The Youngest Sister is typical Bessie Marchant, a girl’s coming of age in an exotic local with a smidge of romance and an attempt at Romance in the old-fashioned sense. Although her heroine criss-crosses across the vastness of Canada, you’d think that only half a dozen people lived there because she keeps coming across the same folks. There’s some mildly interesting character stuff about the eponymous heroine’s attempt to make up for a life where she let her (apparently) more capable sisters do everything for her, but BM feels the need to have peril or disaster strike in EVERY. SINGLE. CHAPTER. Which gets tiresome.

I have forgotten everything I ever learned about Canada and flying in the 50s or 60s, which is a shame because teaching me that stuff was the sole point of Shirley Flight, Air Hostess in Canadian Capers. Spectre Jungle by Violet Methley featured a bunch of really hard-to-like snots, racing against an American adversary in Borneo to find a mysterious simian - the spectre of the title.

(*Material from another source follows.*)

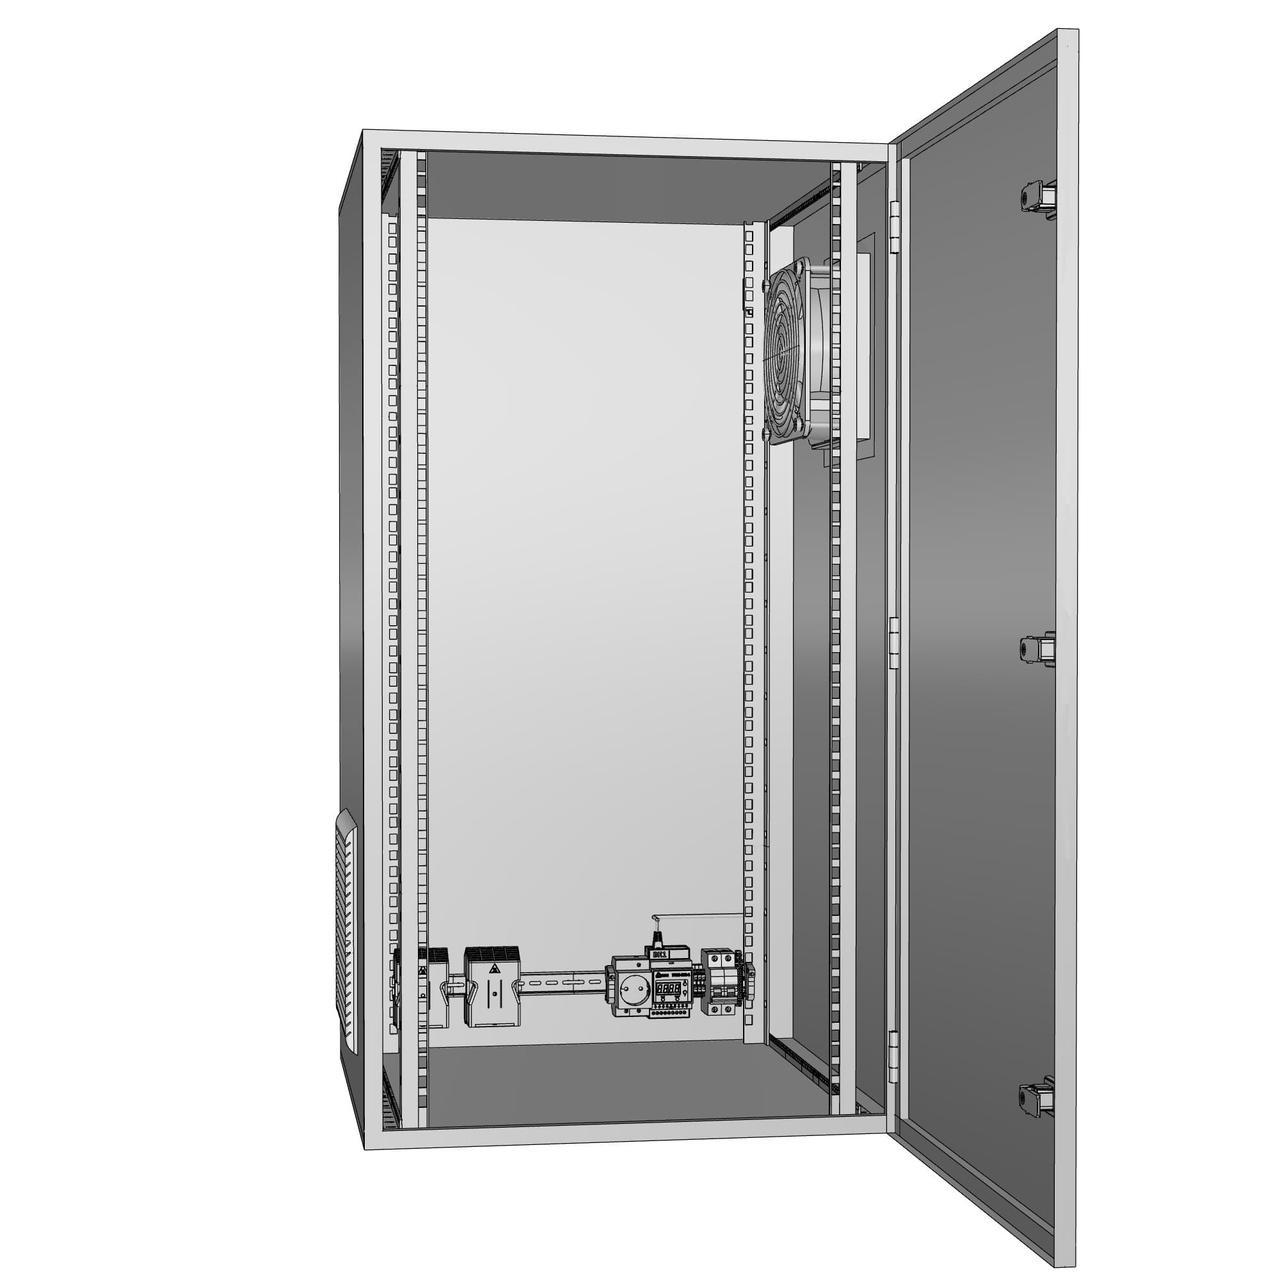 Щит климатический утеплённый с обогревом и вентиляцией ЩКу- ОВ- 6 - 1000×800×300 (В×Ш×Г) IP65

More PC was Tangara by Nan Chauncy, which didn’t quite pull off its rather familiar trick of having a twentieth-century girl be able to slip through time and relive the experiences of another white girl, who befriended a Tasmanian Aboriginal girl, just before her people were massacred. Speaking of history, The Wind Blows Free teaches us what use can be made of cow pats (it’s a bit Little House on The Prairie).

I’ve also been reading The Crackerjack Girls’ Own. I don’t normally like these annuals – I like longer stories, where narrative covers up perfunctory writing, but it was cheap and featured a story by Anne Bradley. It turned out to be a pleasant enough collection to read before going to sleep – which isn’t how I normally read books, I’m far too likely to end up reading until the wee hours otherwise.

I read Mistress Pat, the sequel to Pat of Silver Bush. Poor Jingle. Montgomery had to do something REALLY, REALLY DRASTIC to get Pat out of her stubborn rut. I think one of the problems with these two books is weird choices in terms of the passing of time. (They’re also overshadowed by better things she’s done – the Annes, Emilys and Blue Castle.)

Angela Brazil’s Schoolgirl Kitty features an arty family that loses a mother and goes to France. This gives AB a chance to lecture on Art, and provide some ‘exotic’ drama (this being quite a few decades before Spectre Jungle and Shirley Flight).

I read four Miss Silver mysteries in quick succession; I have a fifth to read but I’m a little tired of the formula, so I’m putting it off. It’s always like that with the Miss Silver books, either feast or famine in terms of seeing them on the shelves of shops.

Blue for a Girl was a (somewhat scattershot) account of the Wrens’ history in world war 2. While writing about the Admiralty et al’s sexism, the male writer displays his own chauvinism. I felt that the book was written for people in the inner circle too. I’d have preferred it if it had been more rigorous chronologically, instead of having chapters based on theme, with the writer changing direction unexpectedly every few paragraphs.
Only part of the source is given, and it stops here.